» Data records

########

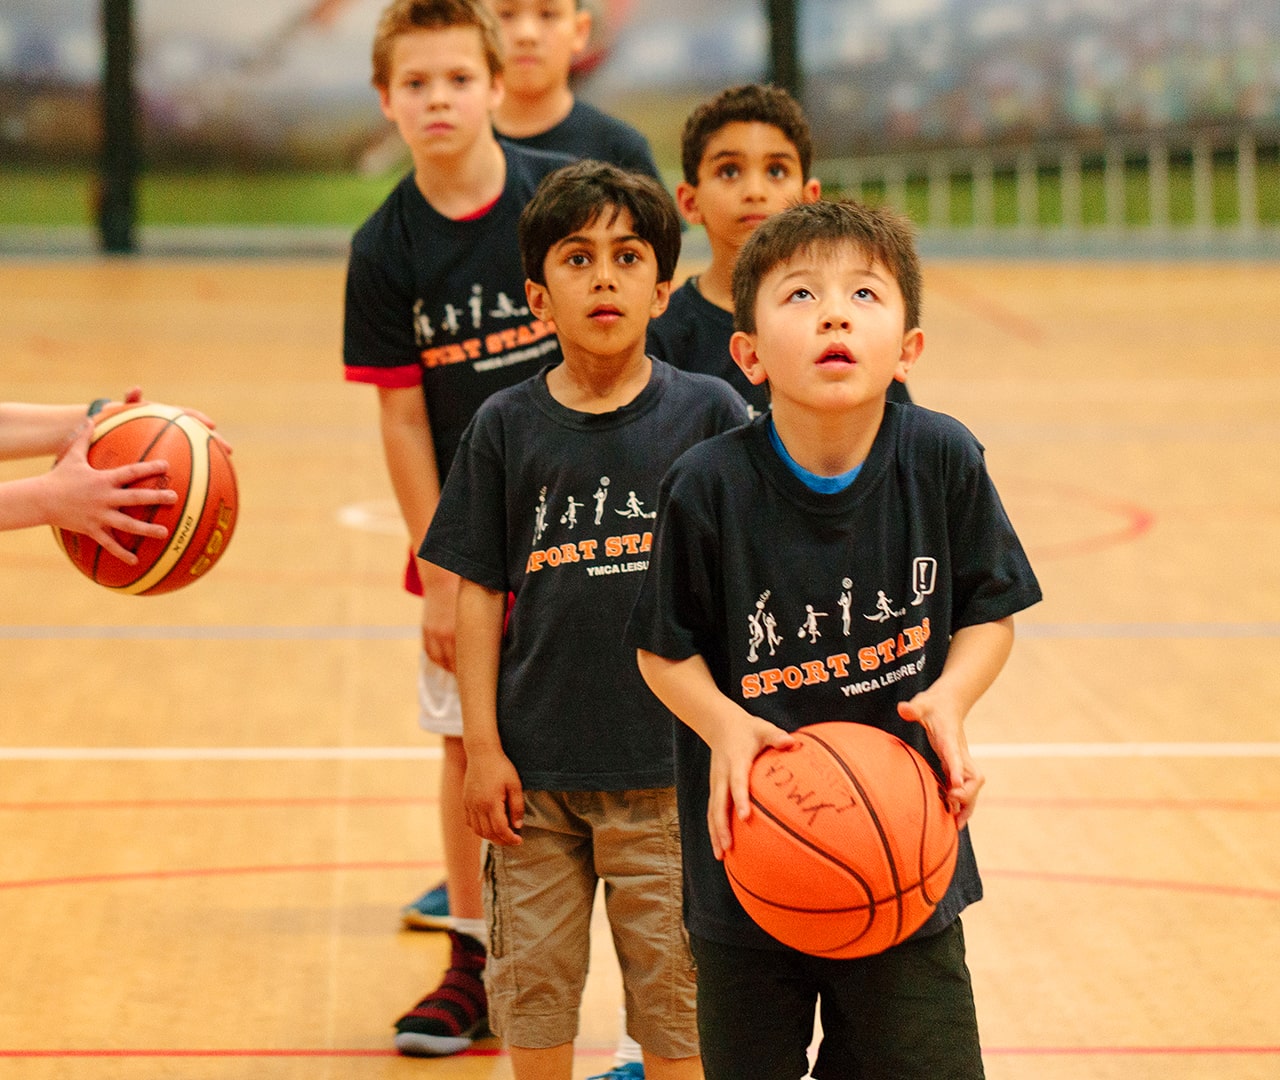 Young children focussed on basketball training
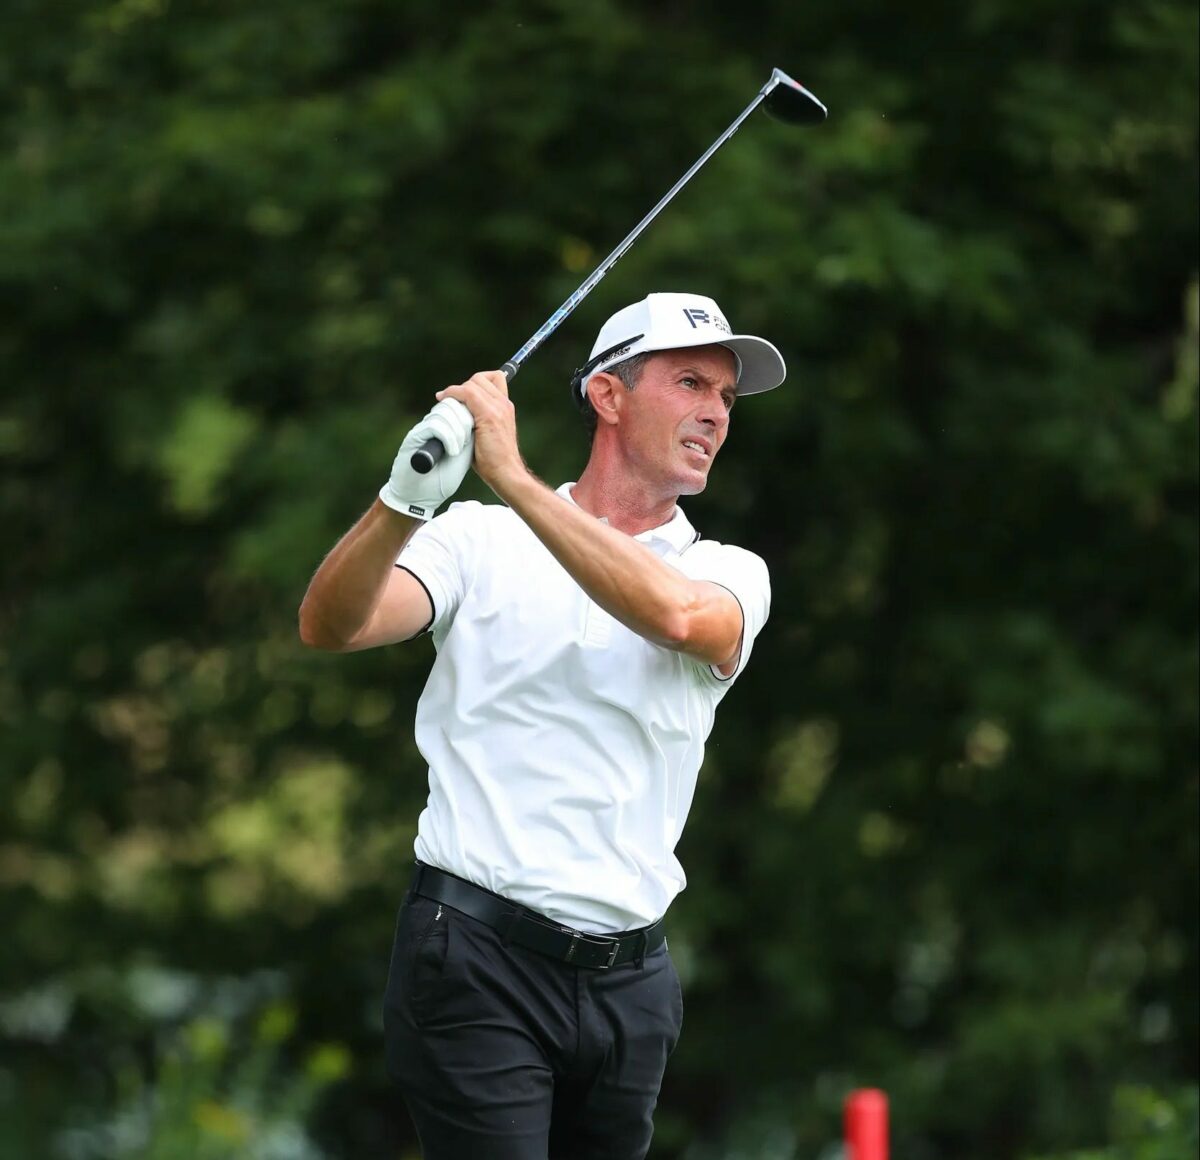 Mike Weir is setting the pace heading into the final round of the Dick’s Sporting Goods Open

########

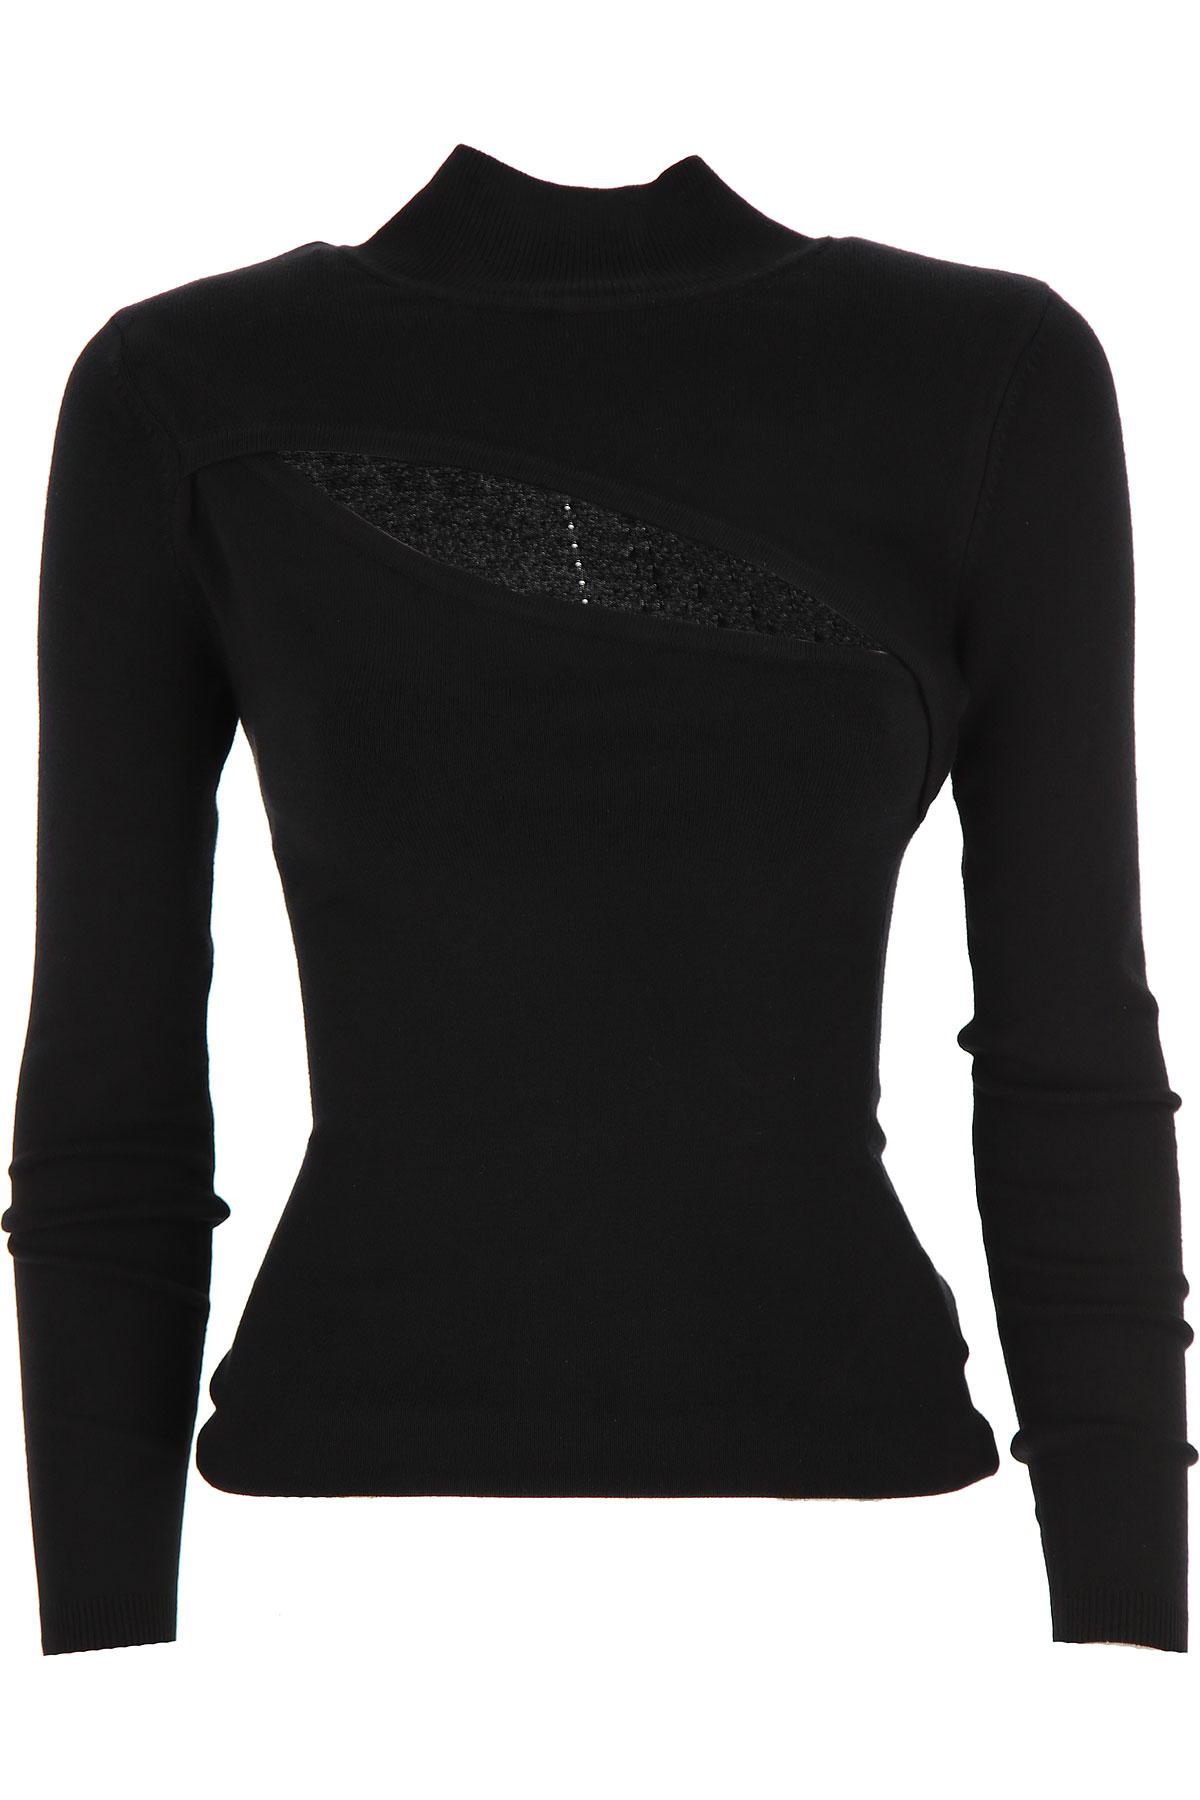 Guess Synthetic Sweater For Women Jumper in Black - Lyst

########

» Required action
Pictures excluded, give again exactly and only the lines of the material above from the line with "Young children focussed" through the line with "Mike Weir is".

» Reply to the task
 Young children focussed on basketball training
 Mike Weir is setting the pace heading into the final round of the Dick’s Sporting Goods Open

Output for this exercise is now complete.